October 14, 2016 – January 22, 2017

Robert Filliou »

The Secret of Permanent Creation

Exhibition: 14 Oct 2016 – 22 Jan 2017

MUHKA Museum van Hedendaagse Kunst

Leuvenstraat 32
2000 Antwerp

+32(0)3-385960


www.muhka.be

Tue-Sun 10-17

In the coming years, M HKA will dedicate a series of exhibitions to key figures of experimental art in the second half of the twentieth century, all of them also important presences in Antwerp in the 1960s and ’70s. We begin with the French poet, playwright, artist and thinker Robert Filliou (1926–1987). This autumn, we mount the first comprehensive survey of his visual oeuvre in Belgium, with more than 100 original works and multiples from public and private collections across Europe.

More radical, more fundamentally provocative, but also subtler and gentler than most of his contemporaries and peers, Filliou should be a household name for a large audience. With this exhibition we want to show today’s and tomorrow’s viewers that Filliou is not just one of the most influential artists of the recent past.

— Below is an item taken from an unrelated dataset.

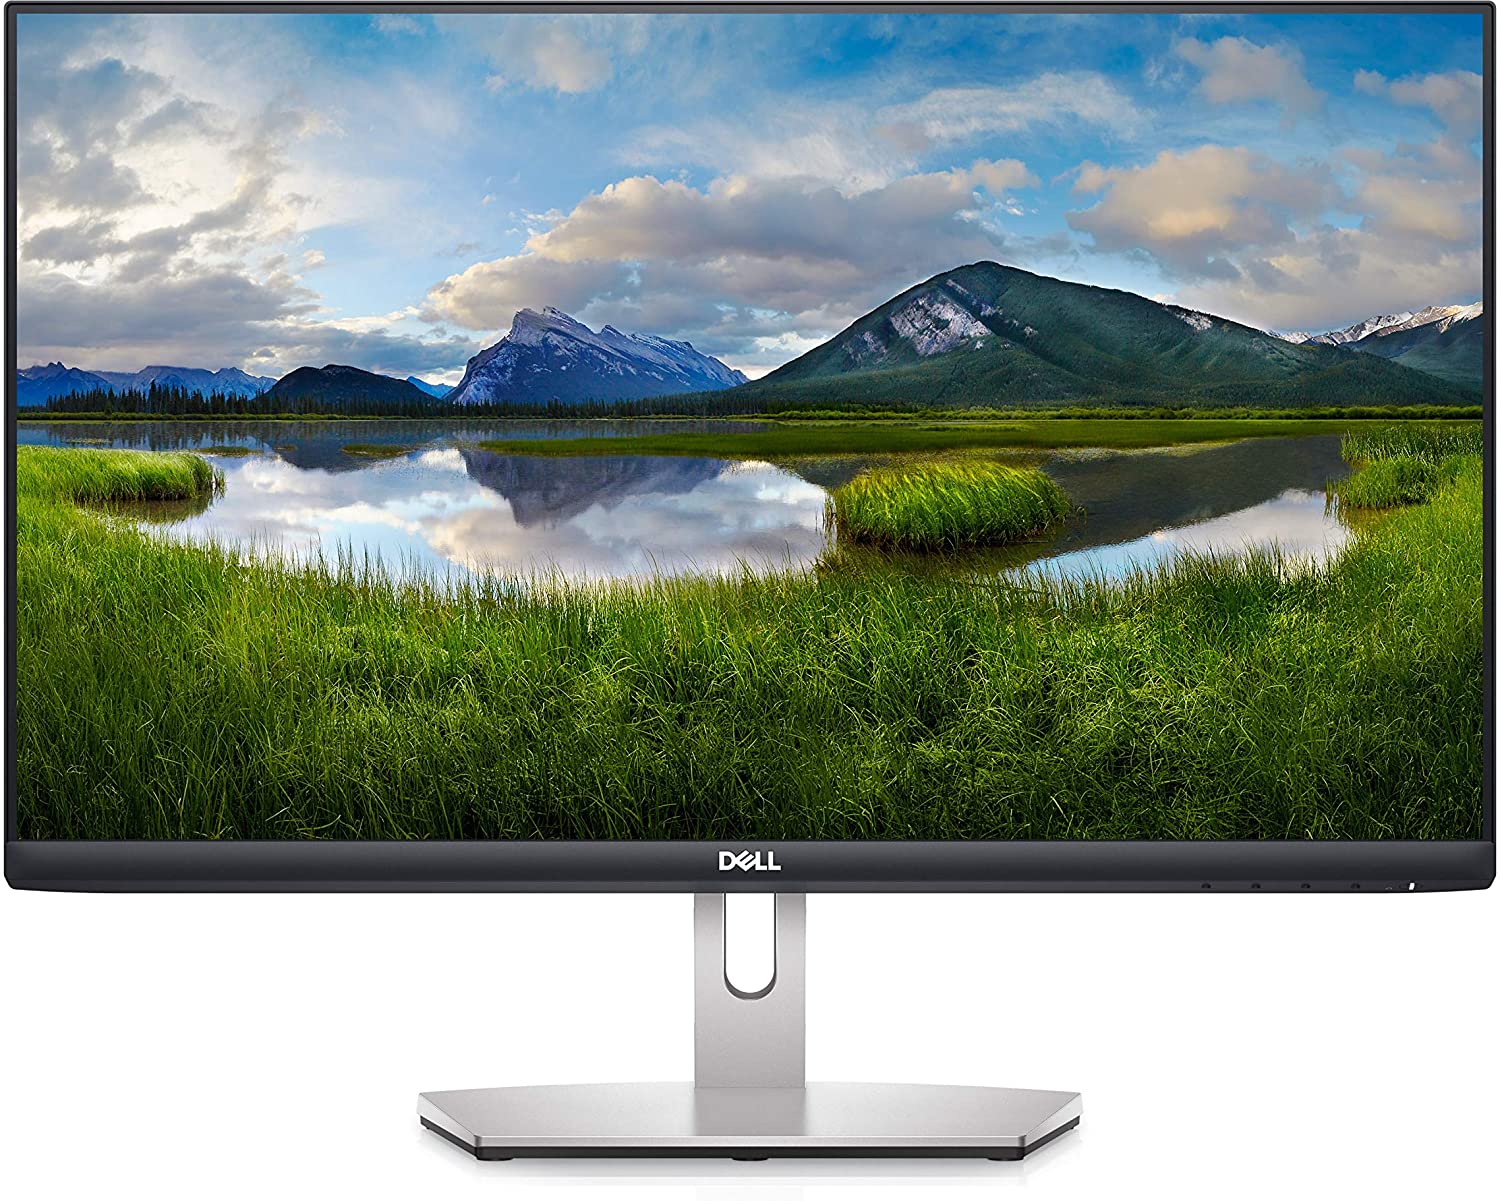   DELL S2421HN 24 INCH MONITOR WITH 2 HDMI PORTS
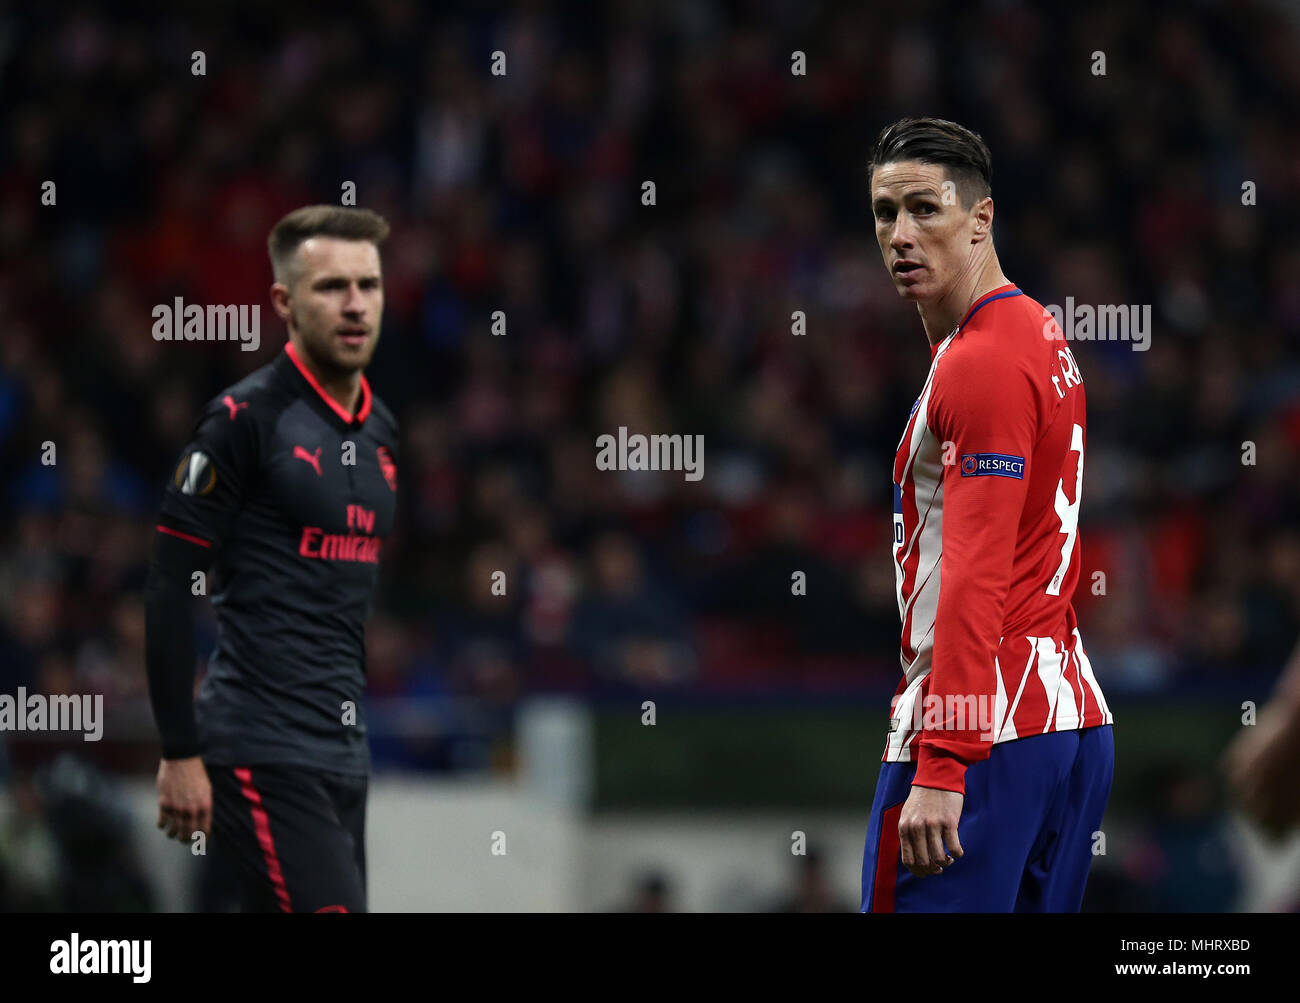 Madrid, Madrid, Spain. 3rd May, 2018. Fernando Torres (Club Atletico de Madrid) seen during the UEFA Europa League Semi Final Second Leg match between Atletico de Madrid and Arsenal FC at the Wanda Metropolitano Stadium in Madrid, Spain.Final Score Credit: Manu Reino/SOPA Images/ZUMA Wire/Alamy Live News Stock Photo

He is a voice for our time, speaking of the political and poetic economy, of curiosity and research as more than ‘a privilege for those who already know’, of conviviality and play but also of loneliness as a productive and even desirable state.

Filliou is often associated with Fluxus but never ‘belonged’ to this or any other movement or group, although he worked closely with friends such as the artists Daniel Spoerri and Dieter Roth, the composer and artist George Brecht, the poet Emmett Williams or the architect and artist Joachim Pfeufer.

Together with his collaborators – first among them his wife Marianne Staffeldt Filliou – he coined many concepts and immediately enacted them in his work, among them the Eternal Network (of like-minded people all over the world); the Genial Republic (whose territory can be claimed by anyone at any time);the Principle of Equivalence (a direct attack on the primacy of aesthetic judgment in Western culture: “It doesn’t matter if something is well made, badly made or not made at all”); Teaching and Learning as Performance Arts (the title of a book from 1970) and, perhaps most importantly, Permanent Creation.